The first thing I did this morning, upon waking up while still lying in bed, was to read, blearily and with rapidly increasing irritation and alarm, Paul Krugman's Substack offering, "Stop Looking for Methods in the Madness: There's no plan, secret or otherwise, behind Trump's tariffs."
Krugman—a left-leaning liberal and establishment progressive "nice guy" type whose personal net worth is around $5 million (a detail relevant to my critique, as we will see)—was the New York Times' main economic pundit for many years until he departed at the start of Trumpocalypse2: The Sequel (or perhaps The Trumpinator is more accurate?). Today, Krugman writes:
“I'm not saying that the Trump team's thinking is unsound. I don't see any thinking at all. I don't know how many people realize that the administration's case for tariffs is completely incoherent, that it has not one but two major internal contradictions.
...
There can't be any secret agenda behind the Trump tariffs, because there's nobody around Trump with the knowledge or independence to devise such an agenda. This is all about Trump's gut feelings. A White House official told Politico that he likes the "shock and awe," and that ‘Each country needs to panic and call. … Trump wants to hear you grovel and say you'll cut a deal.’
Since most of our trading partners aren't in a groveling mood, trade war seems inevitable.”
I find this analysis exasperating because, from what I can see, Krugman is wrong. His perspective still reaches a large swathe of the liberal Middle Class in America. We need influencers like him to quickly undergo another stage in their political awakening. Well-resourced, well-connected establishment people need to recognize how severe the threat is—mortal and existential—and then move rapidly from theory or critique into organizing against it, not just handwringing while completely missing the essential nature of what is happening.
In response to Krugman's piece, I offered this counter-perspective in a comment:
Hi Paul, what about the theory that there is somehow a systemic plan to collapse the U.S. economy—to force a Depression—so that Trump's billionaires and venture capitalists can buy discounted assets such as companies and real estate including public lands and parks that become privatized because the U.S. is forced to sell them off due to debt?

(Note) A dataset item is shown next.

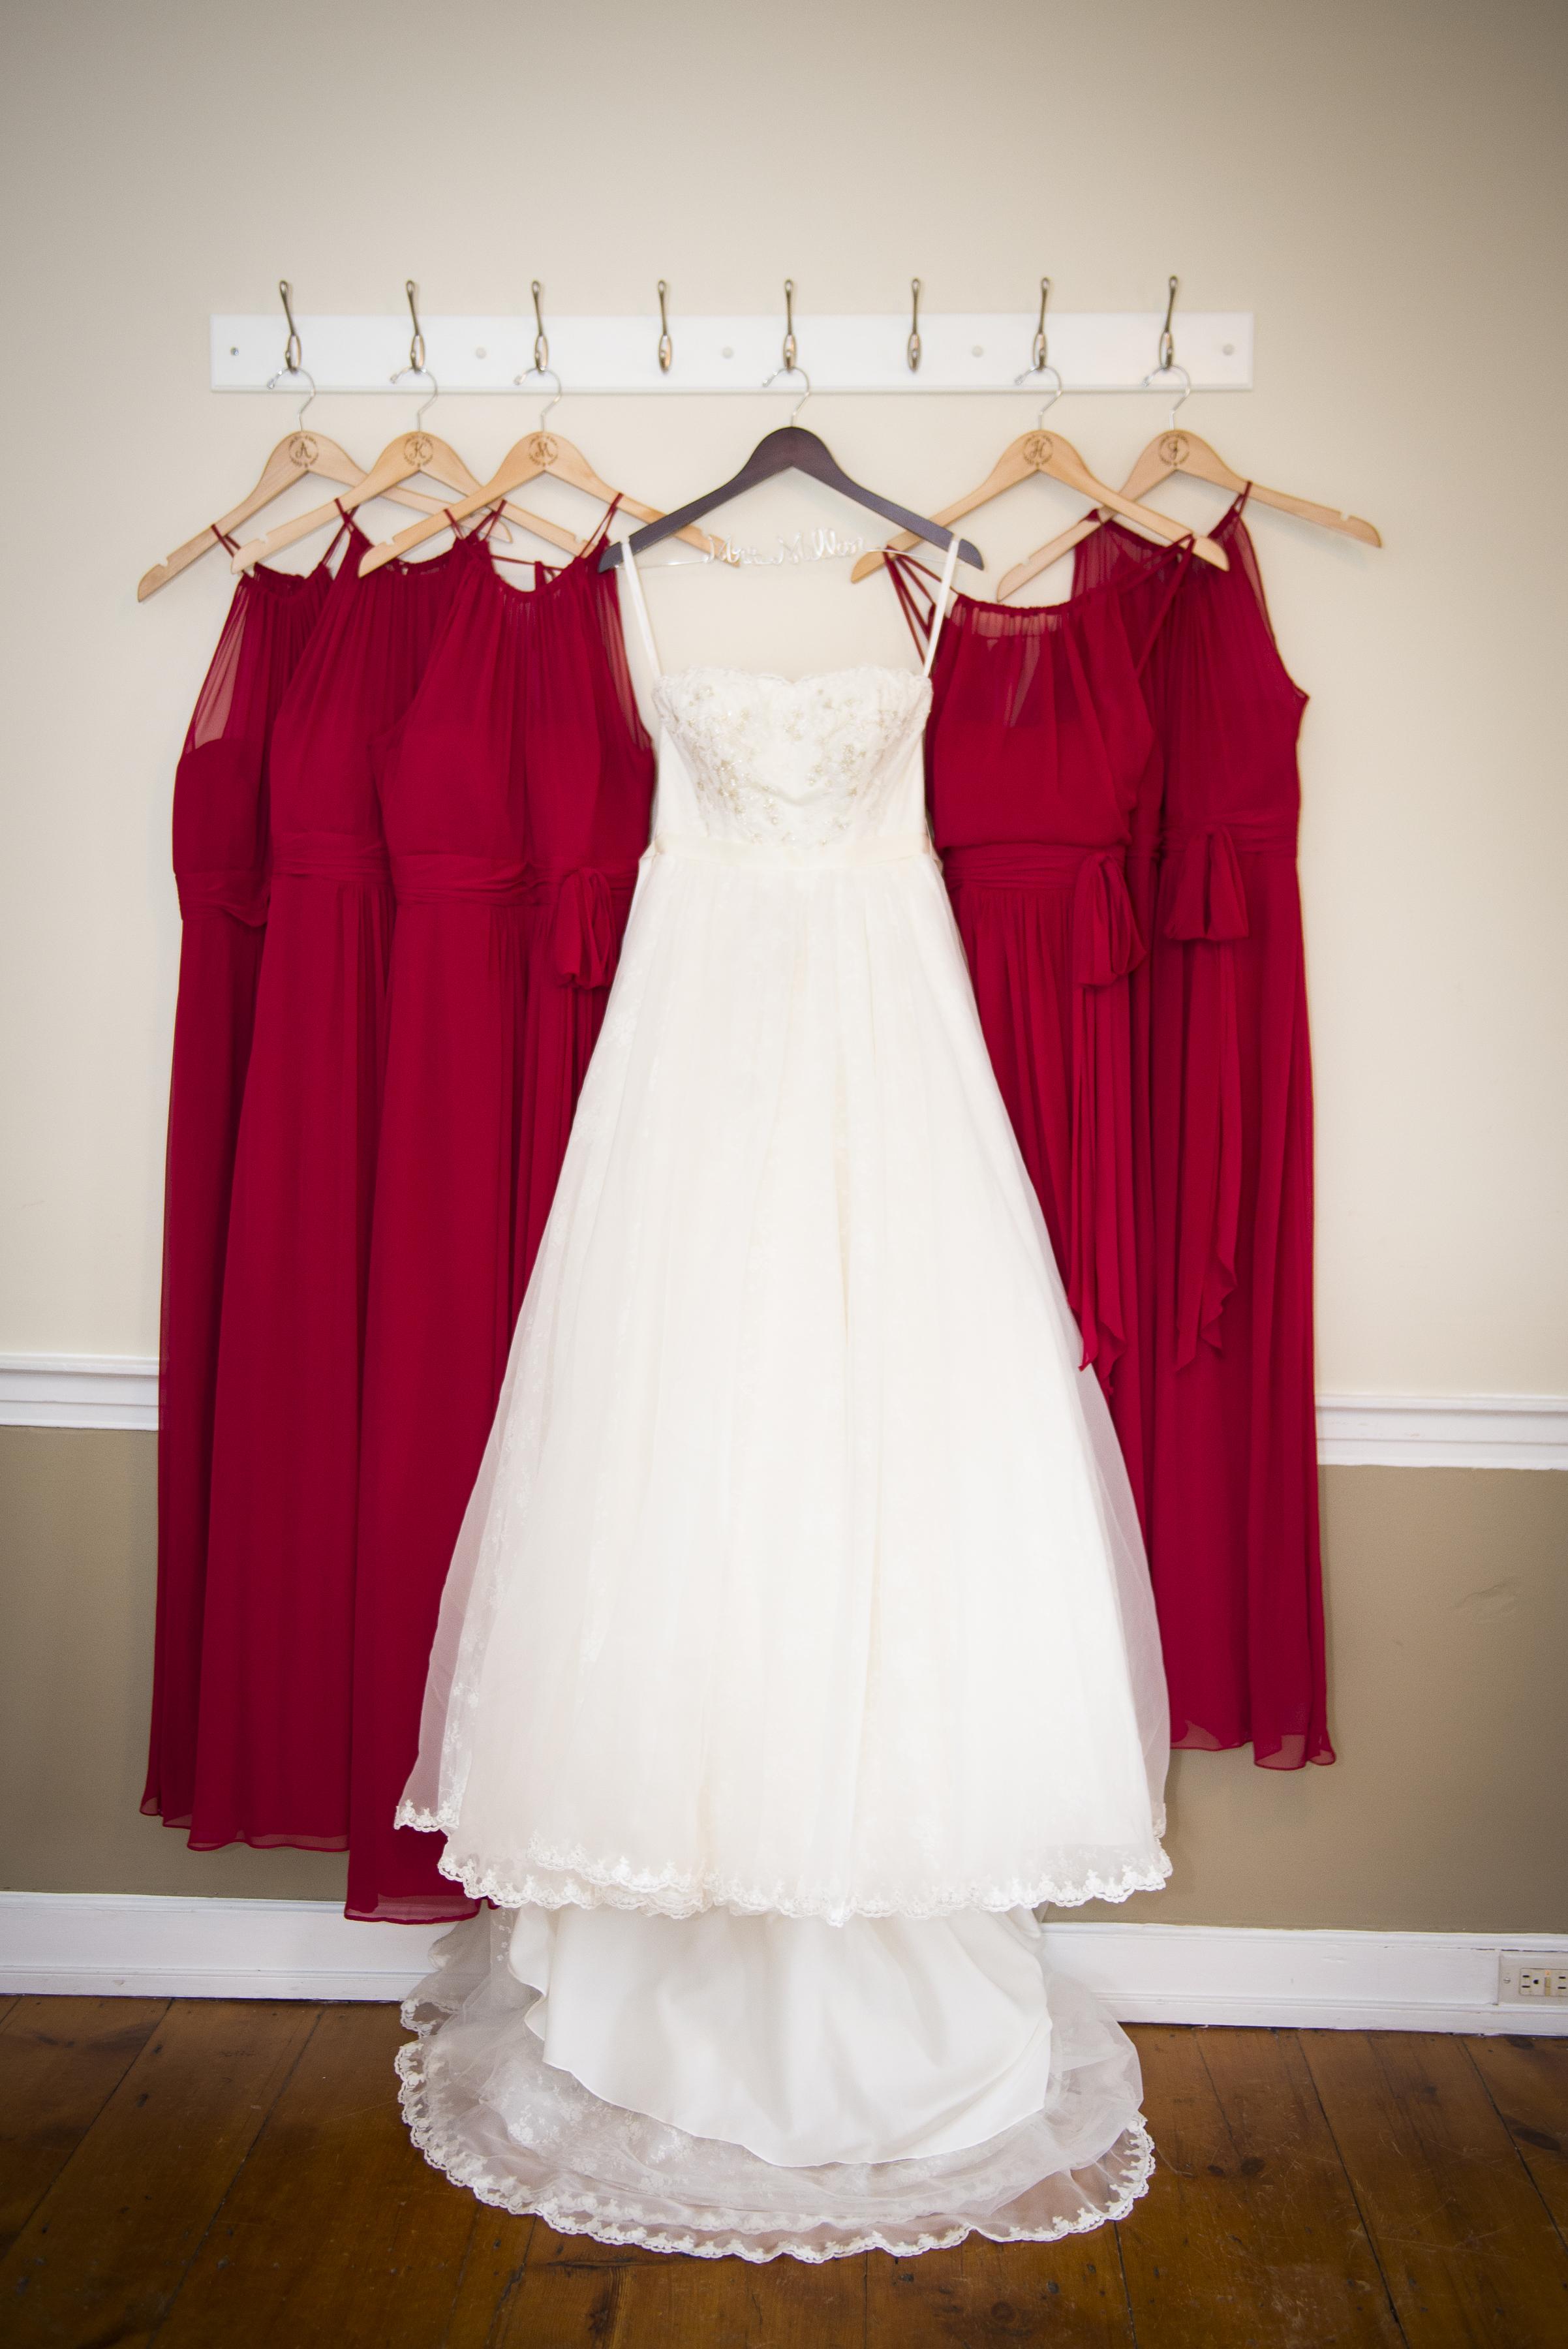 Cranberry bridesmaids dresses // The Miner Details weddings

For instance, Peter Thiel will get $4 billion tax free from his Roth IRA in two years, and if the U.S. has crashed, he will be able to buy anything he wants. Naomi Klein has articulated the concept of "disaster capitalism," where the transnational oligarchic elite use or create disasters so they can centralize wealth and control.
After the fall of the USSR, America pressured Russia and other former Soviet republics to quickly privatize their public assets, allowing wealthy individuals from America and Europe to dramatically increase their fortunes. It seems evident that similar conspiratorial forces are now seeking to do the same to the United States, Shock Doctrine-style. To understand this, we must consider who will benefit — fantastically — from the collapse of American economic stability.

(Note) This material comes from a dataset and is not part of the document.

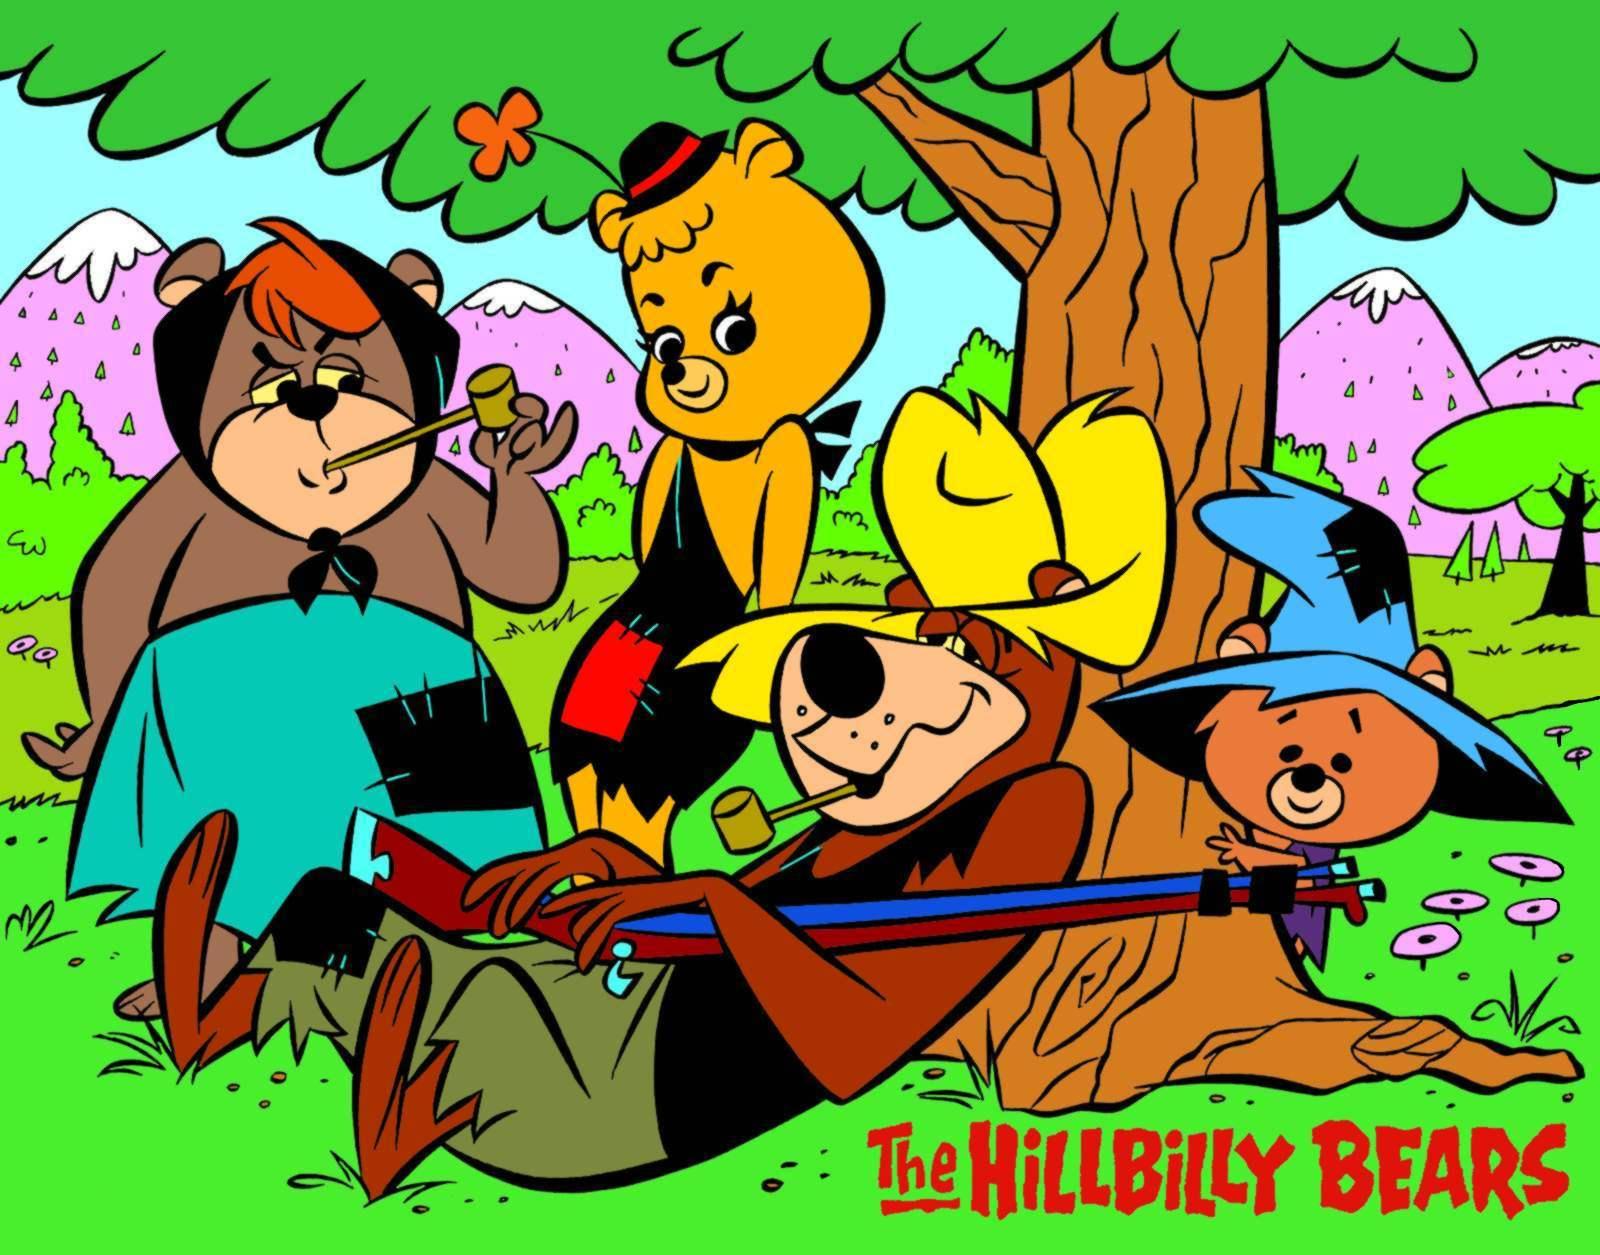 Hanna barbera cartoon hillbilly bears

Trump’s tariffs aligns with a plan to transform the U.S. fully into a serf society ruled by tech and AI interests. To create a pliant population, you must first destroy the middle class. Unlike Krugman, I believe there is a methodical plan at work. He doesn’t want to see it yet, probably because it would be too destabilizing for him, psychologically, to reckon with it.
In another comment on Krugman's piece, I emphasized:
The problem is that you can't fight an enemy you don't understand, and if Krugman thinks there is no method or ideology behind this and that's what he is telling his mainstream followers, then people are totally under-prepared. When you see the method, it should spur you into the mode of organizing and activism. If you think it is just chaos, you may feel passive and assume it will end at some point. It won't end without a mass movement to stop it. We've already waited far too long to oppose it.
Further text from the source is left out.